Again, please keep any comments respectful, as I really do not mean to cause offence.

I will admit, right now, that I read books mainly by white people. This isn’t because of any prejudice on my part…  it’s because:

a) There’s more access to them.

b) Many of the books that I know are written by people of different races haven’t interested me. Not because of the race, just the subject matter. If it were written by a white person I’d skip it too.

c) I don’t go out of my way to find out the ethnicity of an author.

The access is an issue… It’s pretty freaking shameful how little there is.

To put it into an Australian perspective (since I don’t think I should even try speak from any other), I’ve been sitting here thinking if I could think of a single book written by an Aboriginal or Torres Strait Islander person who writes for adults… and I can think of only one author. I struggle to believe that there is only a single, solitary Aboriginal writer out there who writes books worth publishing. In fact, I refuse to believe it. Therefore, they aren’t being published, or they aren’t being widely distributed.

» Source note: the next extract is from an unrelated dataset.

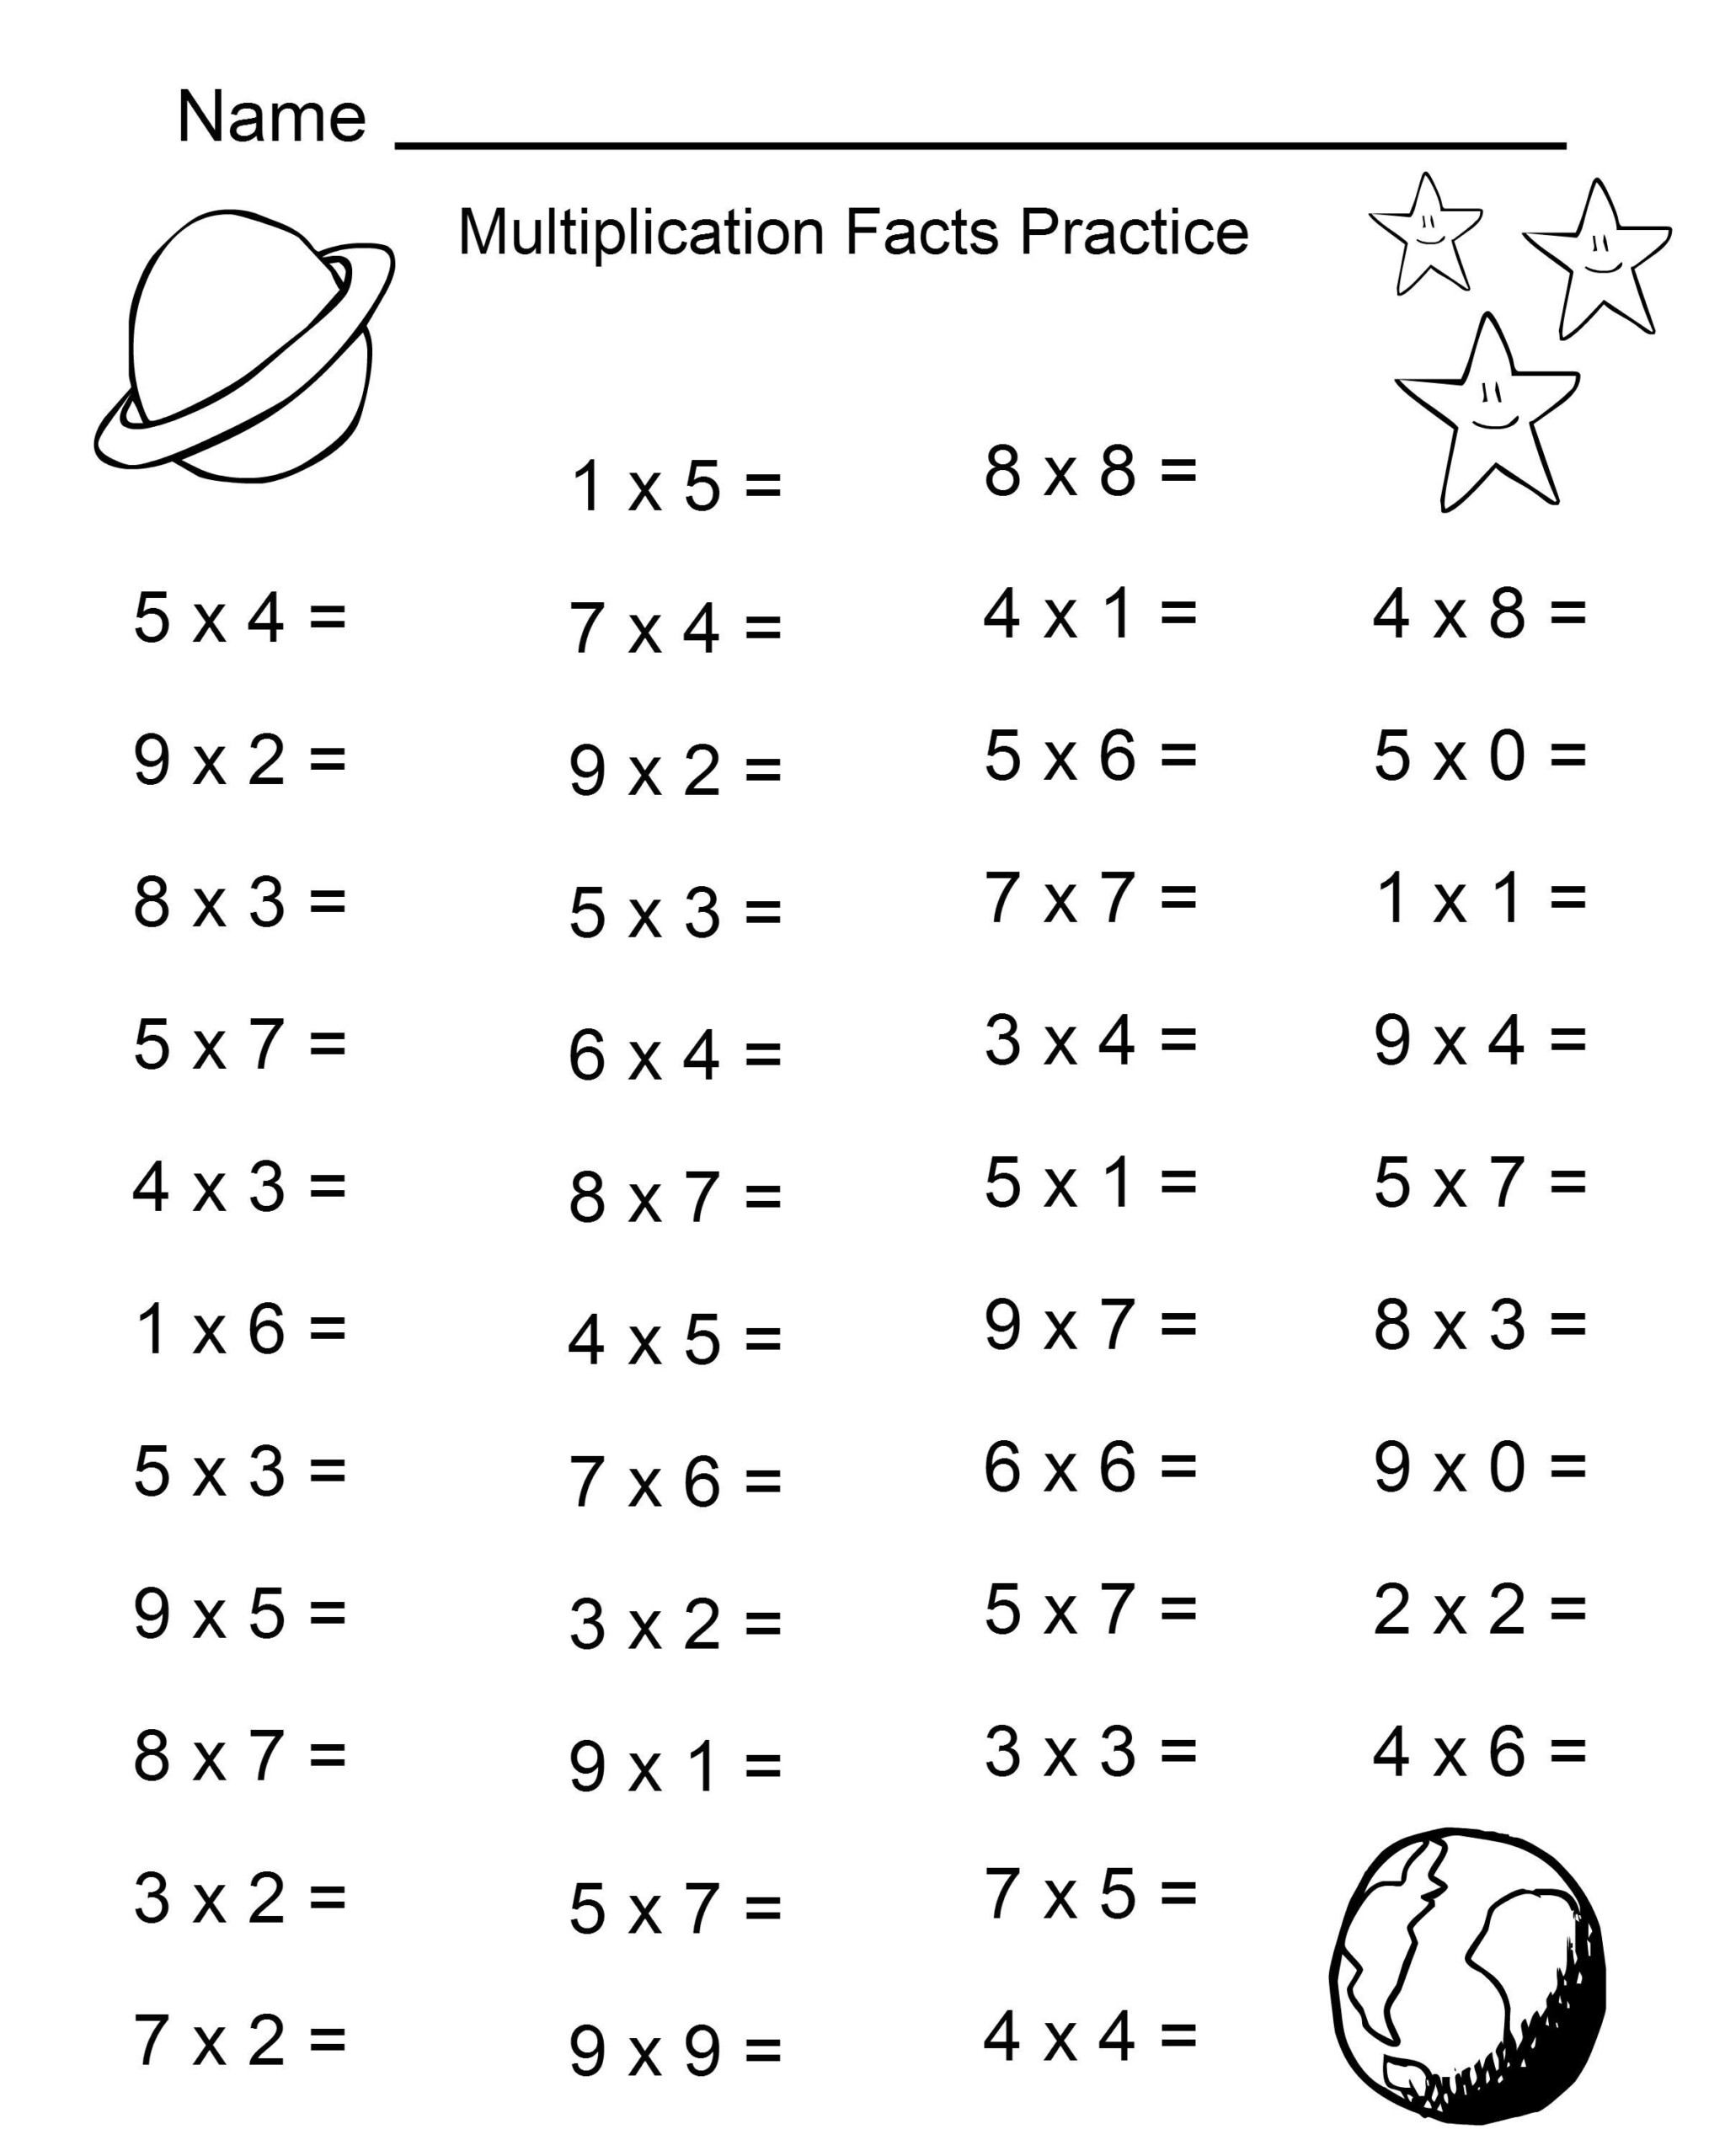 Free Multiplication Facts Practice Worksheets | Printable regarding Multiplication Worksheets 9Th Grade

Oh, there’s books ABOUT Aboriginal people, I can think of plenty of those. But BY them? I can think of two, by the same author. TWO.

So, apparently, according to mainstream publishing, Alexis Wright is the only Aboriginal author in the entirety of this continent who writes for adults and can be picked up in a bookshop without much trouble. Excuse me, but fuck that for a bad joke.

I remember reading books as a child involving Aboriginal people, but mainly in servile roles or as your stereotypical “natives”. They were products of their time, being from the late 19th and early 20th centuries which had belonged to my grandma, and many are now very out of print (thank goodness). I also grew up learning the stories of the Dreamtime, which are the Aboriginal creation myths- I remember crying because the snake was so mean for biting the sun!

Knowing a person’s race wouldn’t ever put me off a book, but it wouldn’t make me want to pick it up specifically if I wouldn’t have normally. I haven’t read Carpentaria, for example, because the synopsis of it doesn’t interest me in the slightest, but I did buy a copy for my Dad a while ago because it’s right up his alley. But surely, if there is one Aboriginal writer, there are more, who would have stories that I’d enjoy. There has to be!

When it comes to the Booktube “Reading Diversely” tag, I can whip that thing, but I think it’s missing the point slightly. Yes, we can say we’ve read books SET in each continent or geographic region, but have we all read a book by someone who actually BELONGS to that region? And really, what use is there in placing an arbitrary quota on yourself? Is that really solving the problem, or is that just to help with white guilt? I want to read books because they interest me and have literary value, not because of the race of the author.

For example, I have read both Heart of Darkness by Joseph Conrad and No Longer at Ease by Chinua Achebe (hello, arch nemeses!). Yes, very different examples, but hear me out. Conrad speaks from a European man’s perspective on a region, Achebe’s from a local man’s perspective. I think reading Achebe’s work gives the reader a much deeper knowledge about the region and how the people lived their lives. Another example of this would be Shantaram by Gregory David Roberts vs. Kanthapura by Raja Rao, both set in India, with the former written by a white Australian and the latter by an Indian national- though, in Roberts’ defence, he did live there for 10 years after escaping from a Melbourne prison (nothing suss, right guys?). Yet, if you have read Heart of Darkness or Shantaram, you can claim to have fulfilled the African or Indian section of that tag. That, to me, is debatable.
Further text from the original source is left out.